▶ **INFORMATION PROVIDED**:
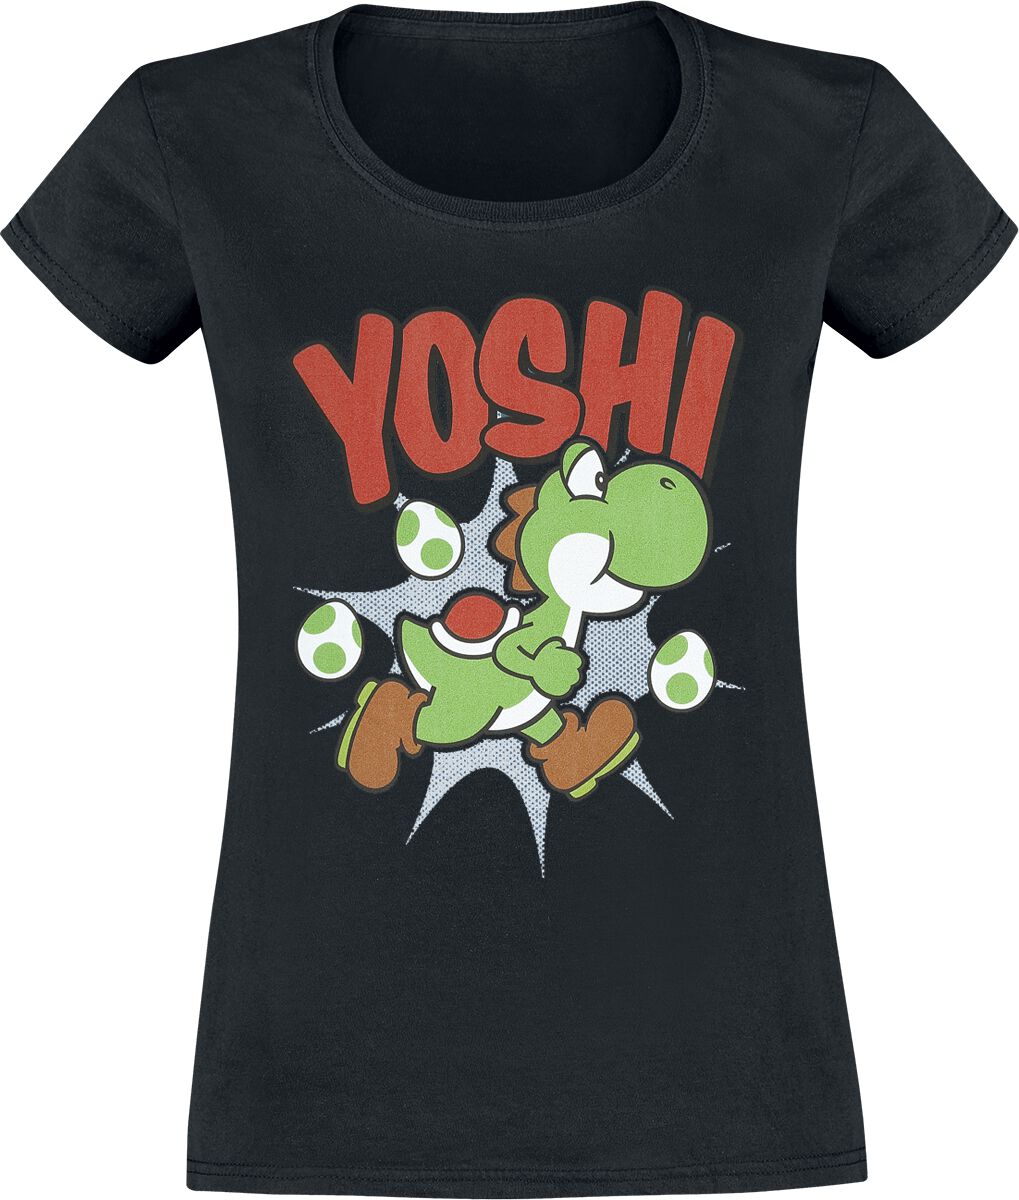 T-Shirt Manches courtes Gaming de Super Mario - Yoshi - S à XXL - pour Femme - noir
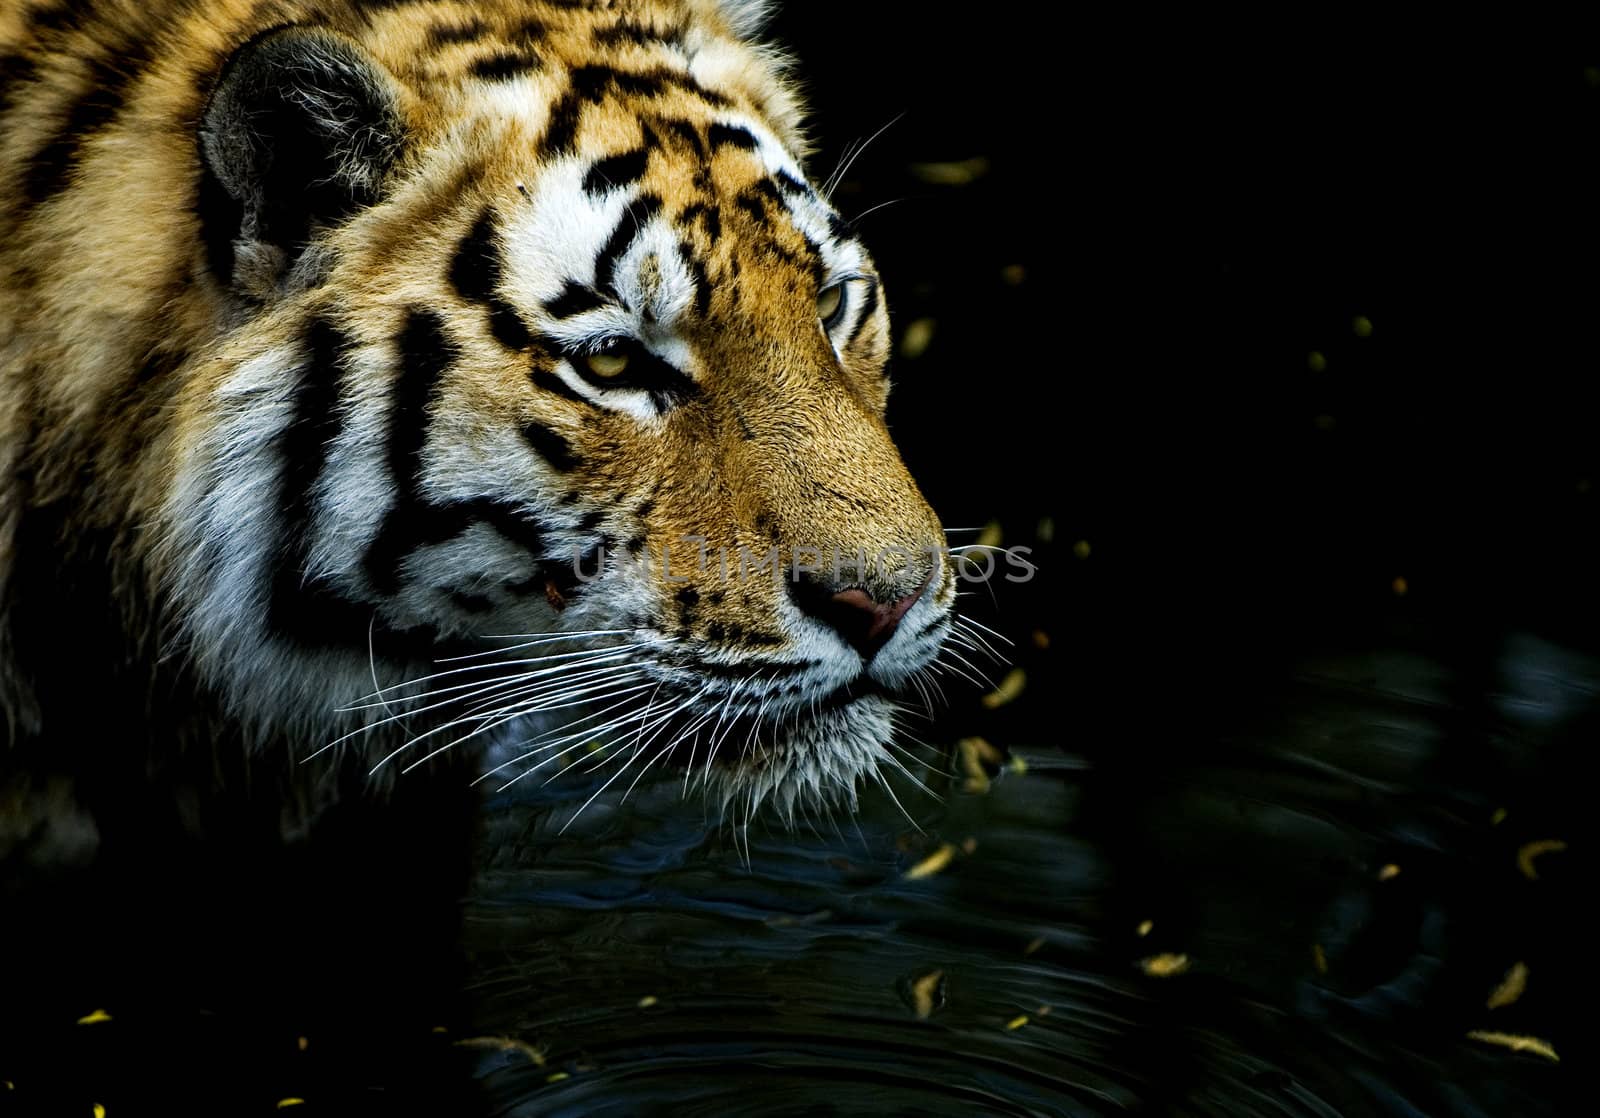 Tiger hunting in low dark water, very focused on its prey.
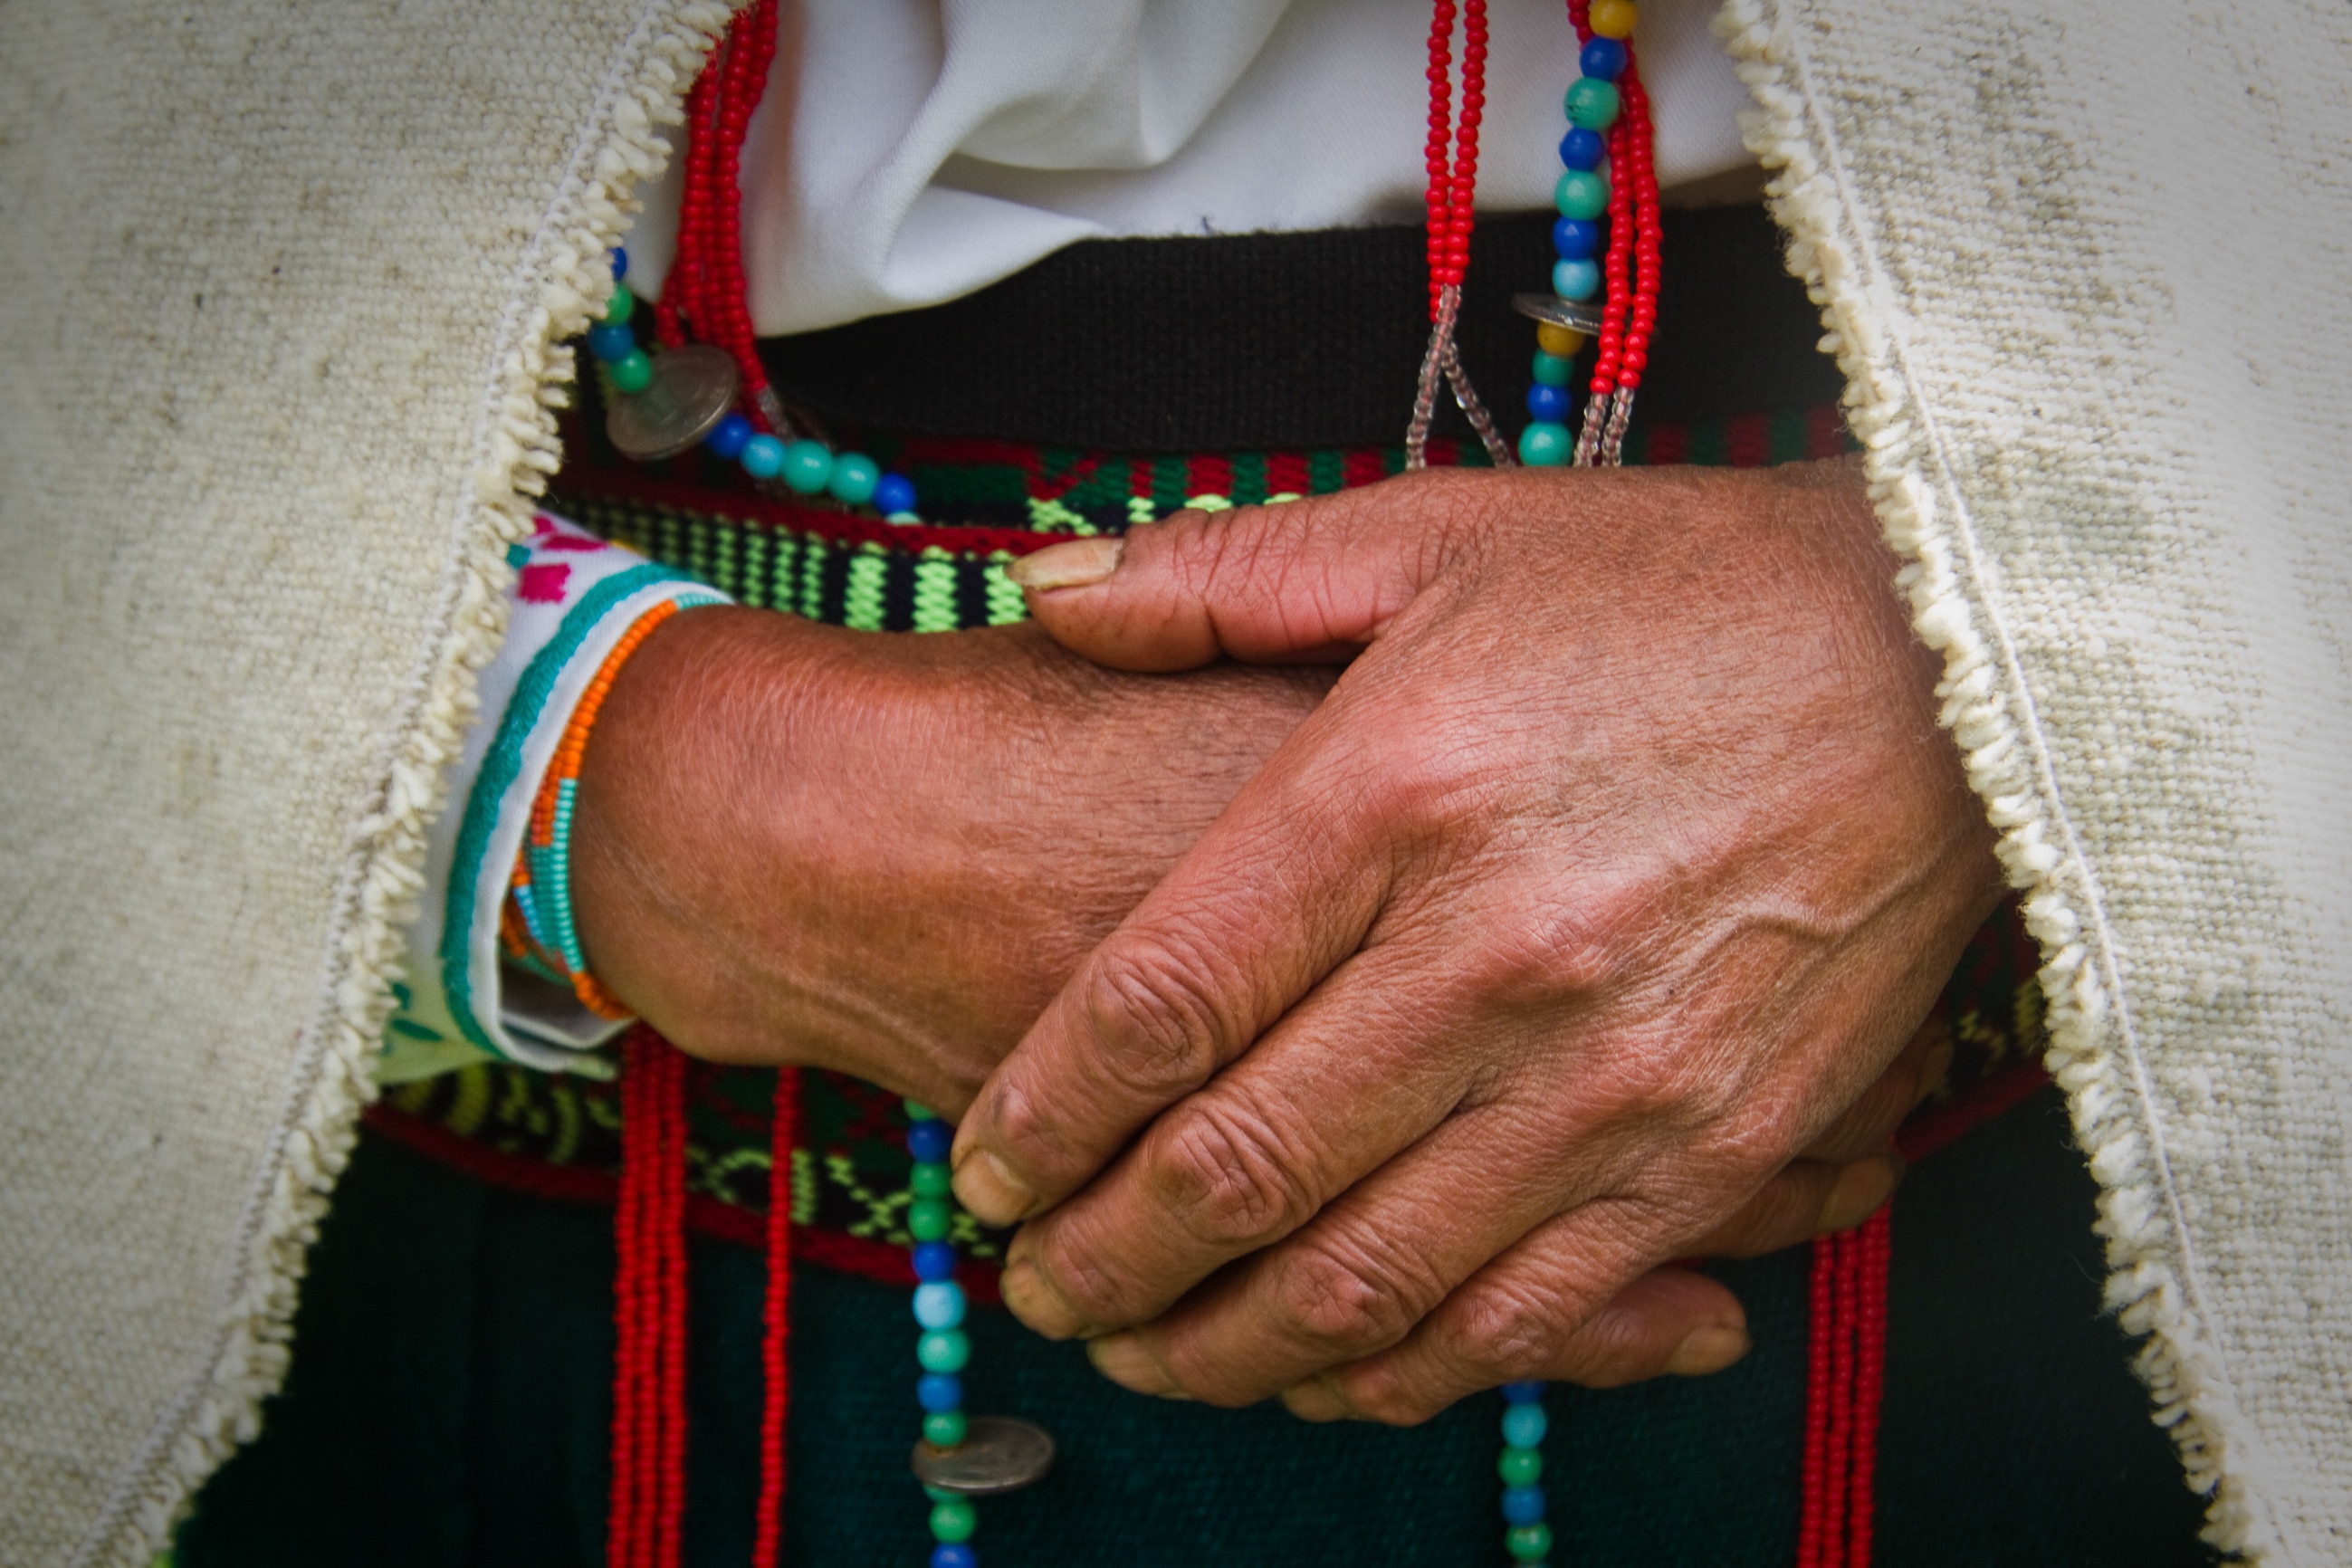 Une personne autochtone se tient les mains l’une contre l’autre. Elle porte des vêtements traditionnels. Ces vêtements comprennent des perles colorées, une ceinture colorée et un châle tissé.

▶ **WHAT IS BEING ASKED**:
Set down the complete material exactly, but do not include the images.

▶ **SOLUTION TO THIS TASK**:
 T-Shirt Manches courtes Gaming de Super Mario - Yoshi - S à XXL - pour Femme - noir
 Tiger hunting in low dark water, very focused on its prey.
 Une personne autochtone se tient les mains l’une contre l’autre. Elle porte des vêtements traditionnels. Ces vêtements comprennent des perles colorées, une ceinture colorée et un châle tissé.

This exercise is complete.